Database usage-create and classify oracle Indexes
Database usage-create and classify oracle Indexes
An index is an optional data structure in a database. It is usually related to tables or clusters. You can create an index on a column or series of tables to Improve the Performance of SQL statements executed on the table. Just as the indexes in this document can help readers quickly locate the required information, Oracle indexes provide a more rapid way to access table data. Correct use of indexes can significantly reduce disk I/O.
Oracle provides multiple types of indexes to complement each other to improve query performance:
· Balance tree index (B-tree index)
· B-tree cluster index)
· Hash cluster index)
· Reverse key indexes)
· Bitmap index)
· Bitmap join index)
· Function-based index)
You do not need to modify the existing SQL statement whether or not the index exists. The index only provides a path for fast data access. Therefore, it only affects the query speed. However, during data editing, indexes are constantly created or updated, the disk overhead of the entire system is very high, which will further affect the operation of the entire system.
Therefore, when we want to create an index, we must ask ourselves, is it really necessary to create this index?

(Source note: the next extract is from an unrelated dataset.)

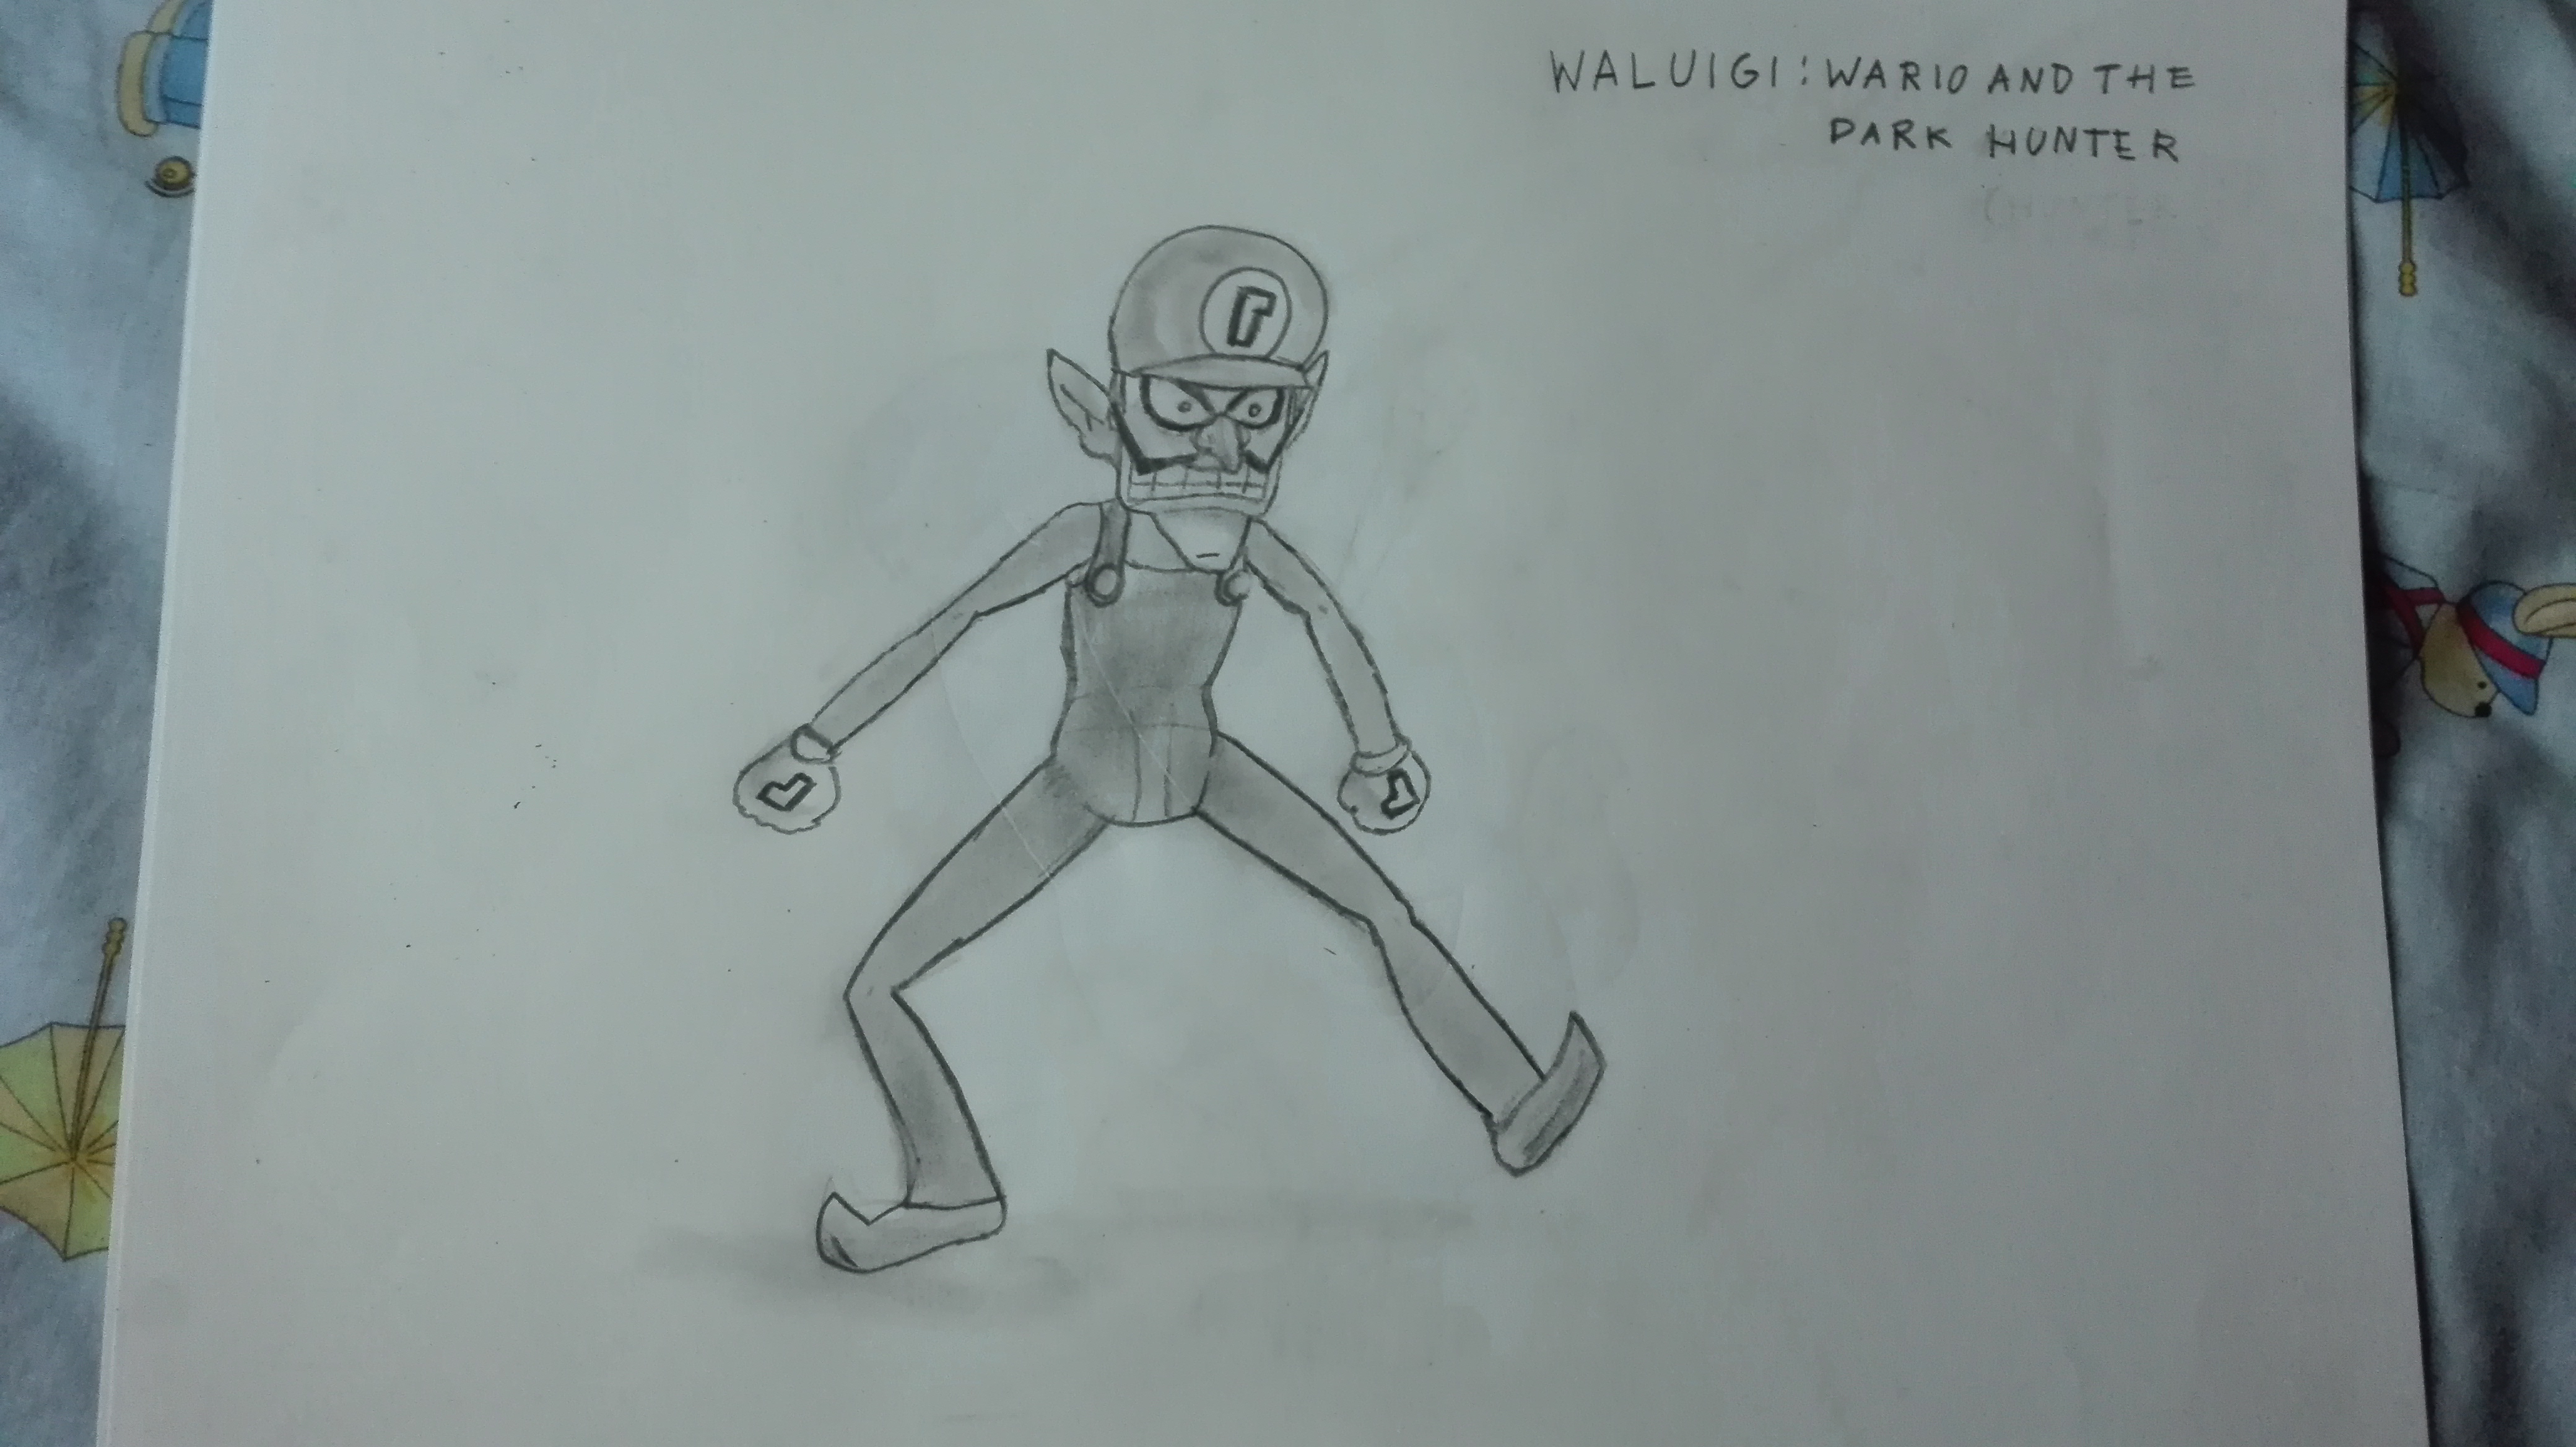 Waluigi: Wario and the Dark Hunter

The index is logically and physically independent from its base table. You can create or drop an index at any time without affecting other indexes in the base table or base table. When a user removes an index, all applications can continue to work, but the data access speed may decrease. As an independent data structure, indexes occupy storage space.
After an index is created, it is automatically maintained and used by Oracle. When the data on which the index depends is inserted, updated, or deleted, Oracle automatically reflects the data changes to the relevant index, without additional operations.

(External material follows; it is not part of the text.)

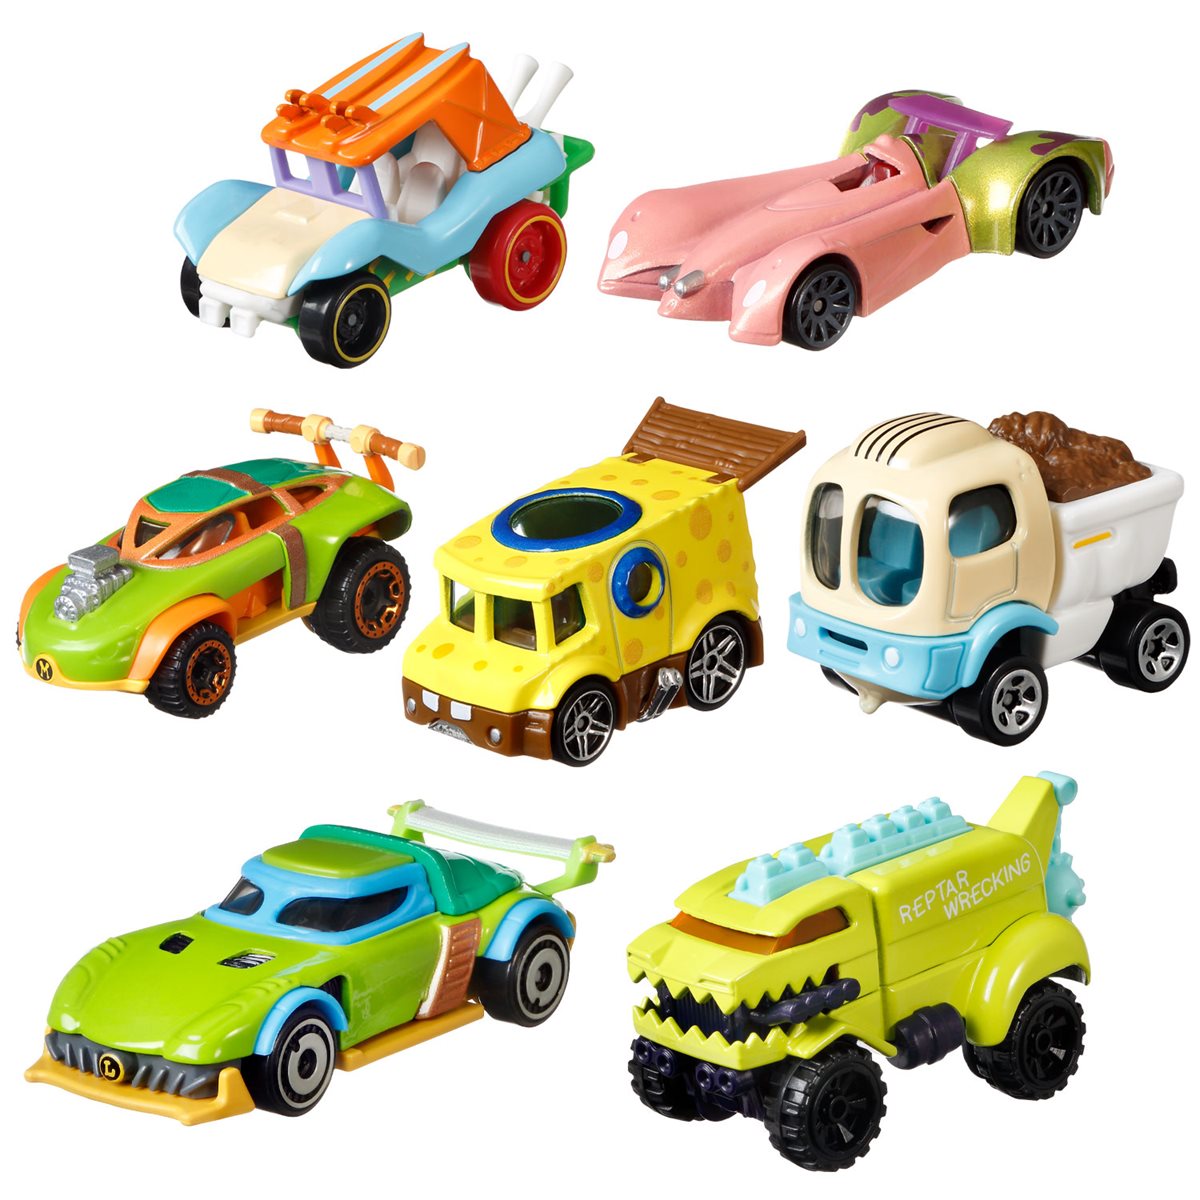 Hot Wheels Nickelodeon Patrick Spongebob Squarepants Character Cars ...

Even if new data is inserted into the base table of the index, the query performance of the indexed data remains stable. However, if too many indexes are created on a table, the insertion, update, and deletion performance will be reduced. Because Oracle must modify the index information related to this table at the same time.
The optimizer can use existing indexes to create (build) new indexes. This will accelerate the creation of new indexes.
Unique and non-unique Indexes
An index can be unique or non-unique. Creating a unique index on a table ensures that the index columns (one or multiple columns) of the table do not have duplicate values. Nonunique indexes do not impose such restrictions on index column values.
Oracle recommends that you use the create uniqueindex statement to explicitly CREATE a unique index ). Creating a unique index using a primary key or a unique constraint (unique constraint) cannot guarantee the creation of a new index, and the indexes created using these methods cannot be a unique index.
Composite Index
Composite index (also known as concatenated index) refers to the index created on multiple columns of a table. The columns in the composite index can be arranged randomly, and they do not need to be adjacent in the data table.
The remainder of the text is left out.